[Opening Data provided section]

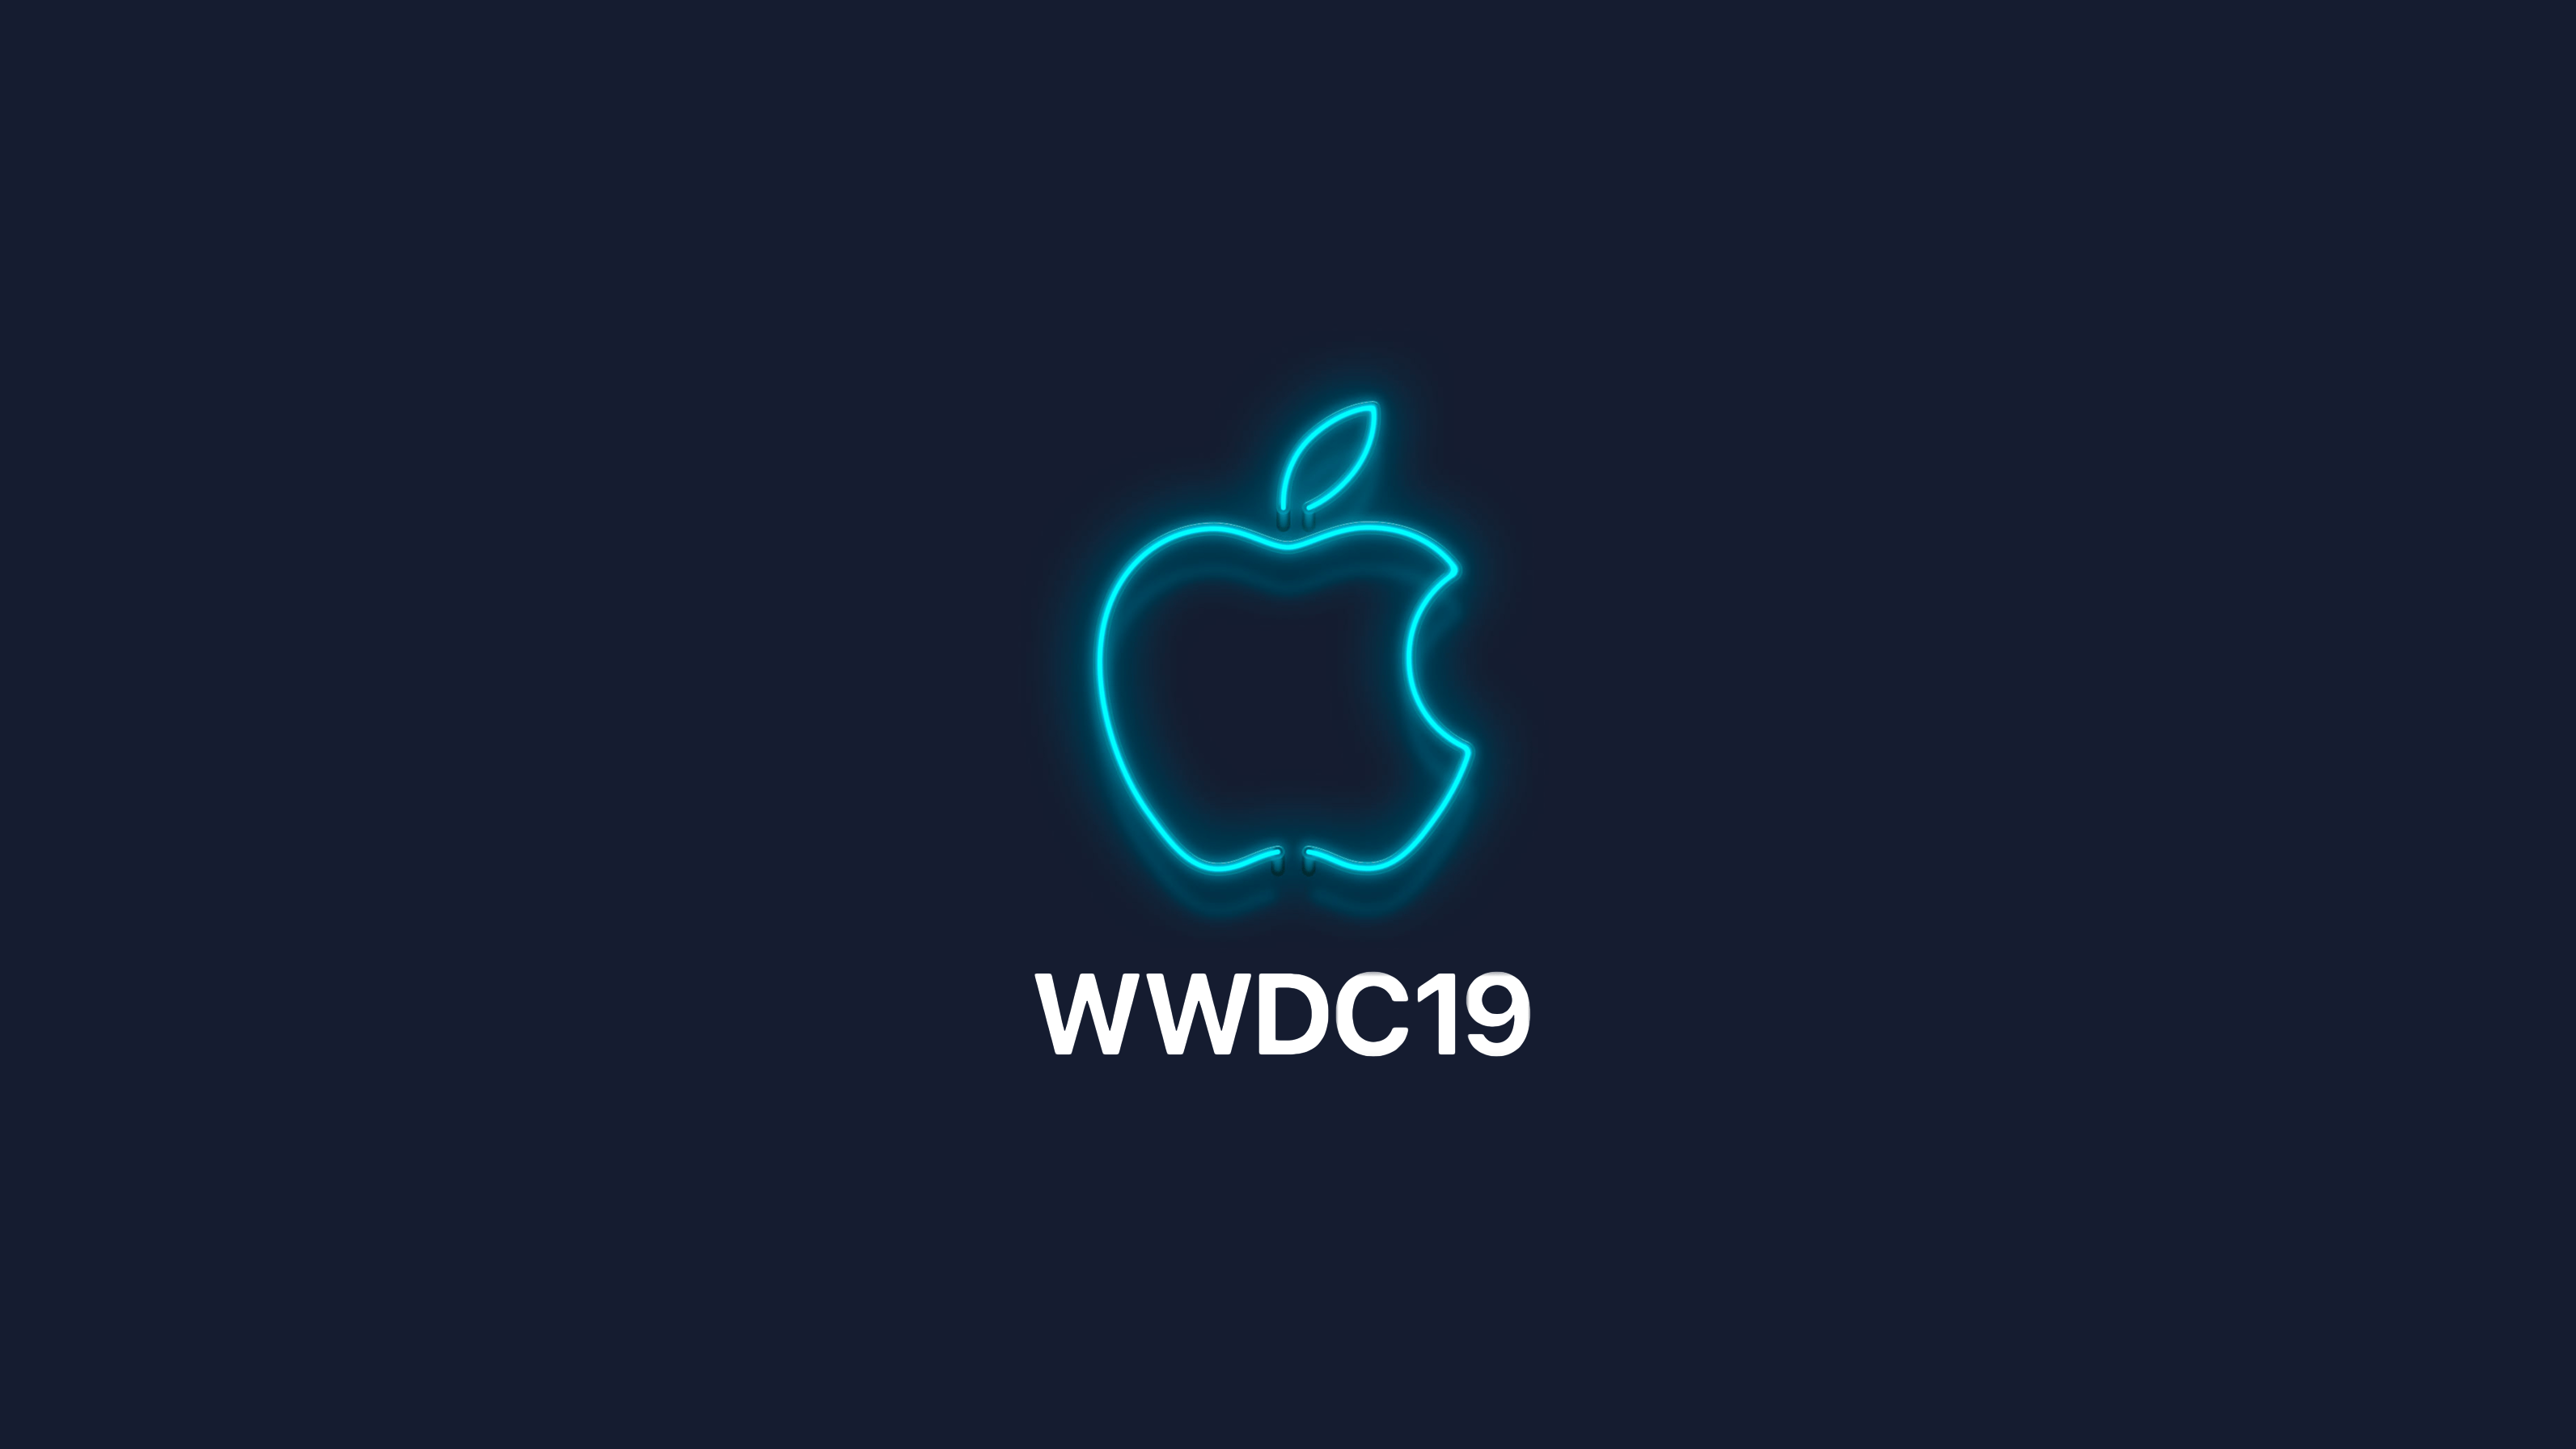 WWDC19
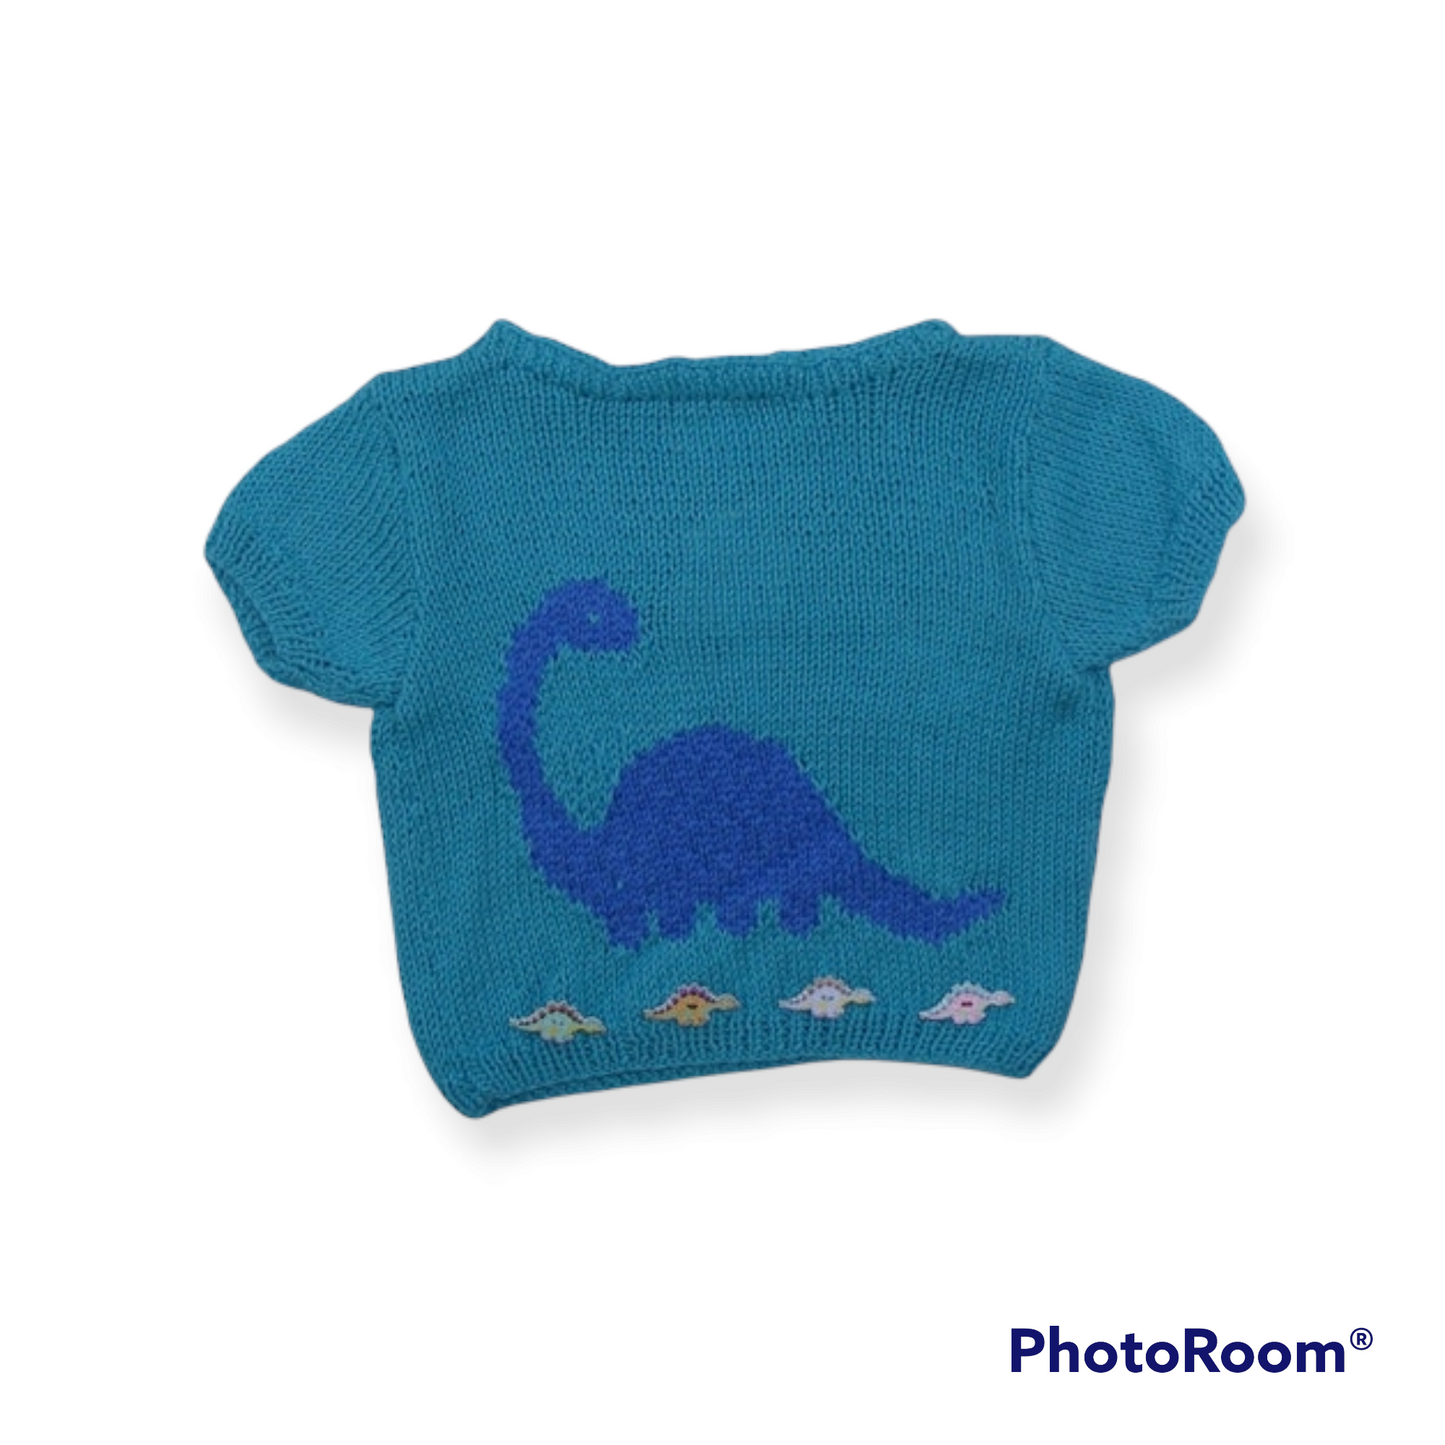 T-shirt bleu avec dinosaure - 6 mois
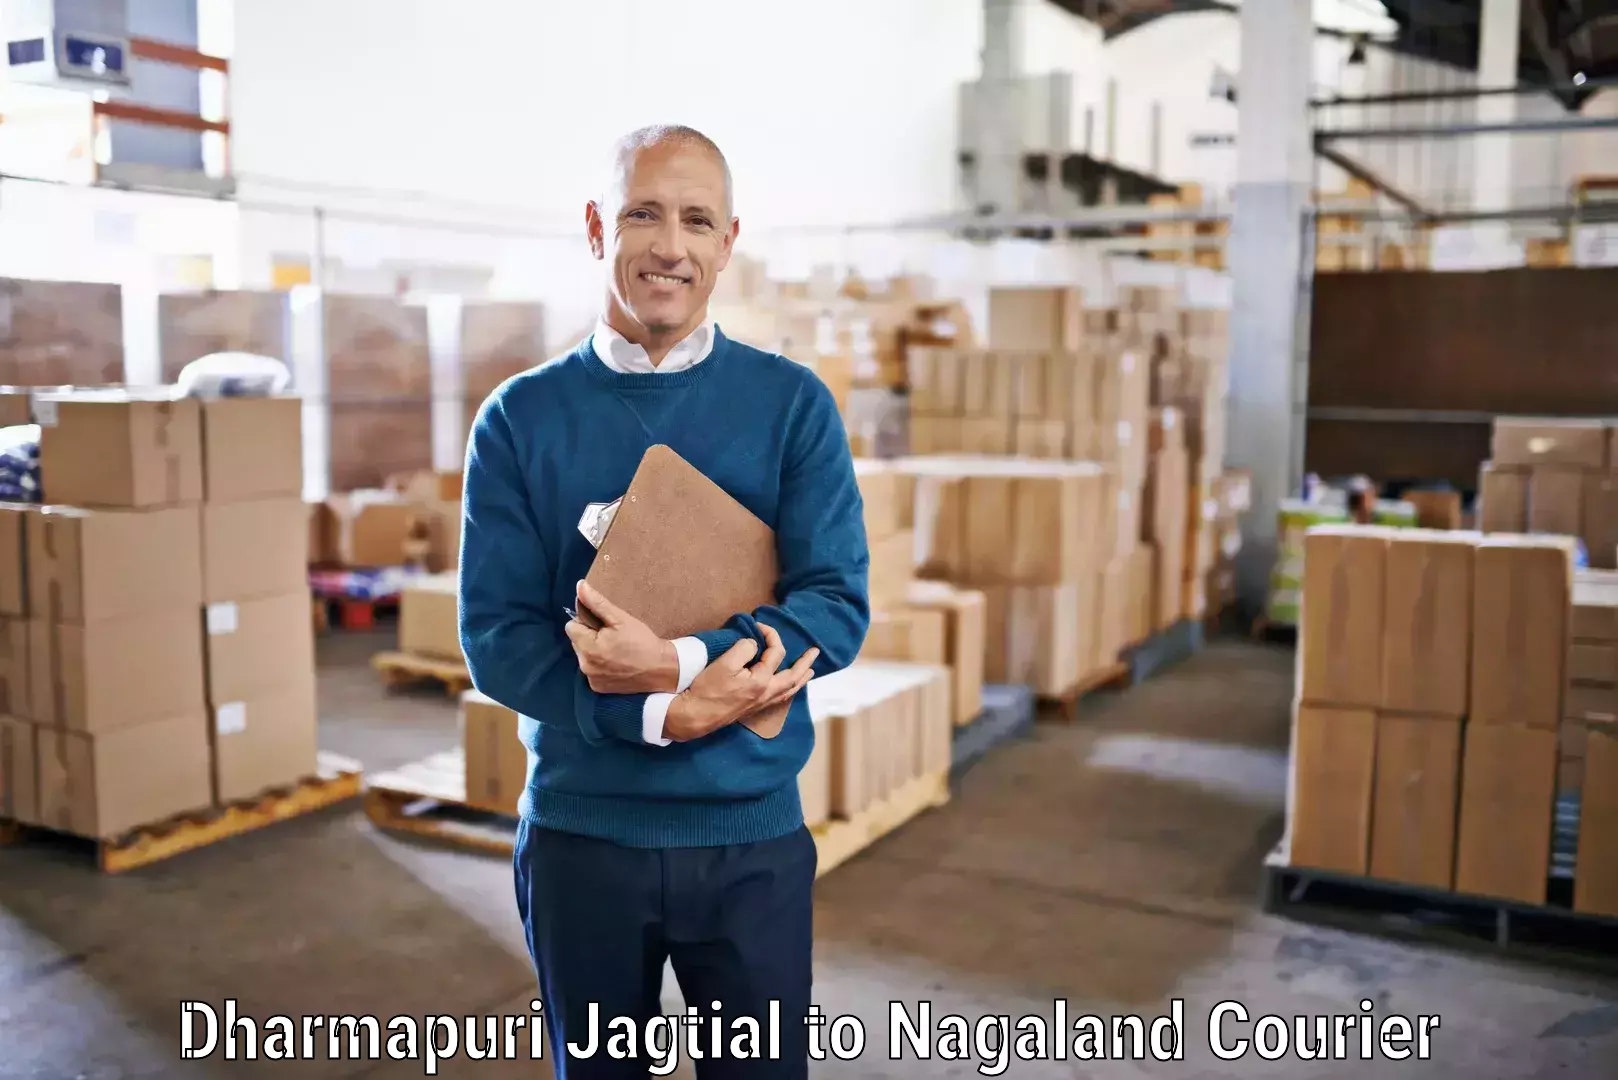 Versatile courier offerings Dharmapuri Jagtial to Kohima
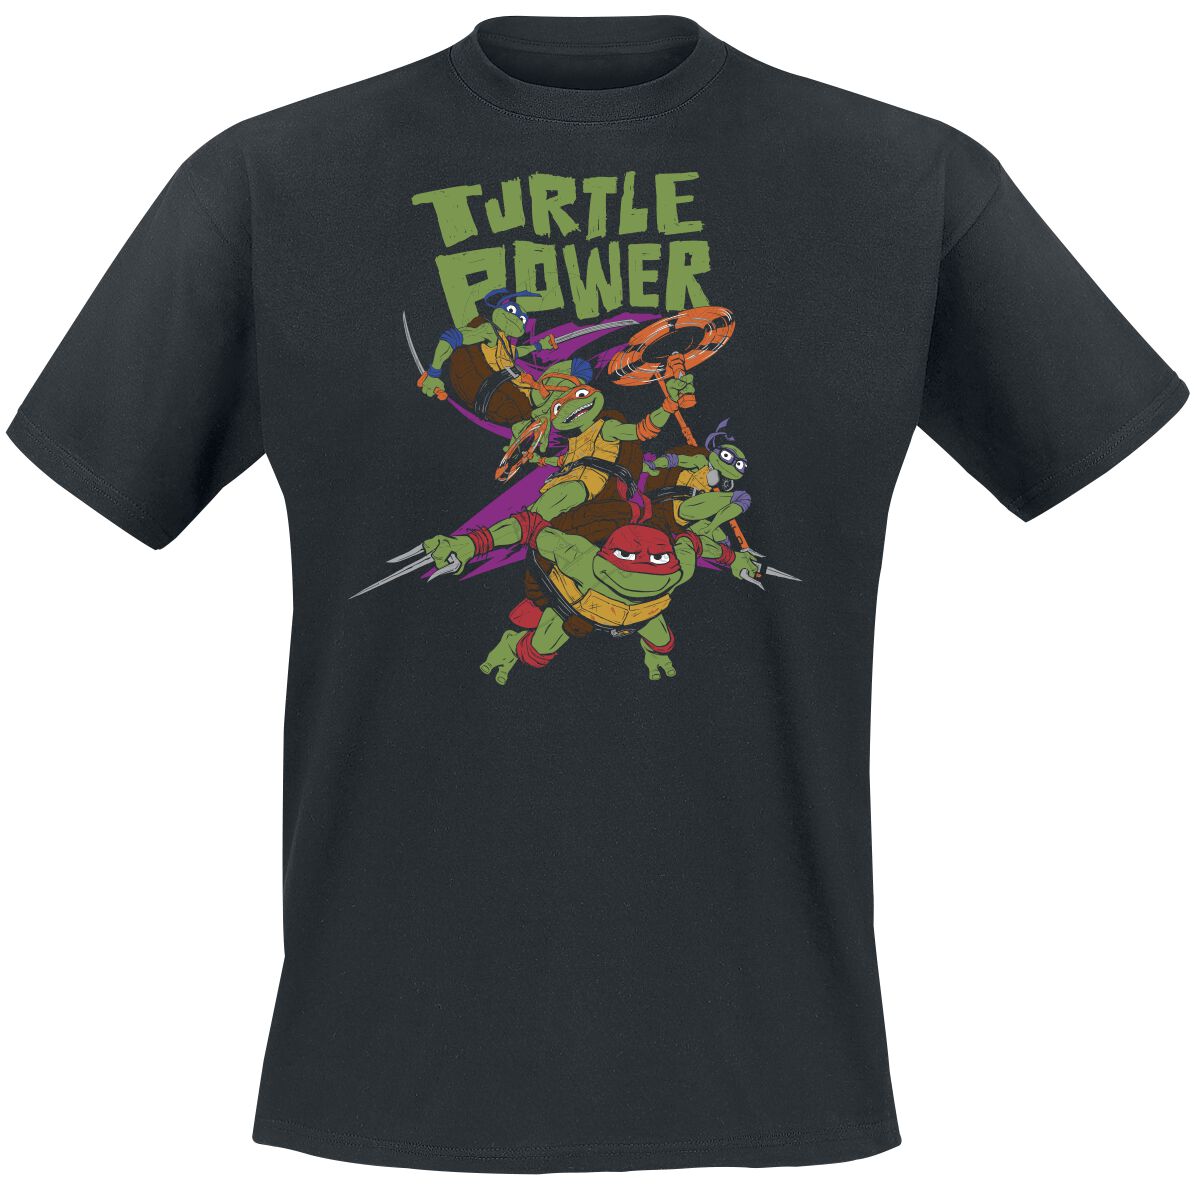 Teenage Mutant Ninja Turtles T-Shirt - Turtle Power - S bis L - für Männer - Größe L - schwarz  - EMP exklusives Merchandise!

[Closing Data provided section]

The needed output is the lines from the one with "T-shirt bleu avec dinosaure - 6 mois" through the end of the listing, written out exactly, both ends included, pictures excluded.

 T-shirt bleu avec dinosaure - 6 mois
 Versatile courier offerings Dharmapuri Jagtial to Kohima
 Teenage Mutant Ninja Turtles T-Shirt - Turtle Power - S bis L - für Männer - Größe L - schwarz  - EMP exklusives Merchandise!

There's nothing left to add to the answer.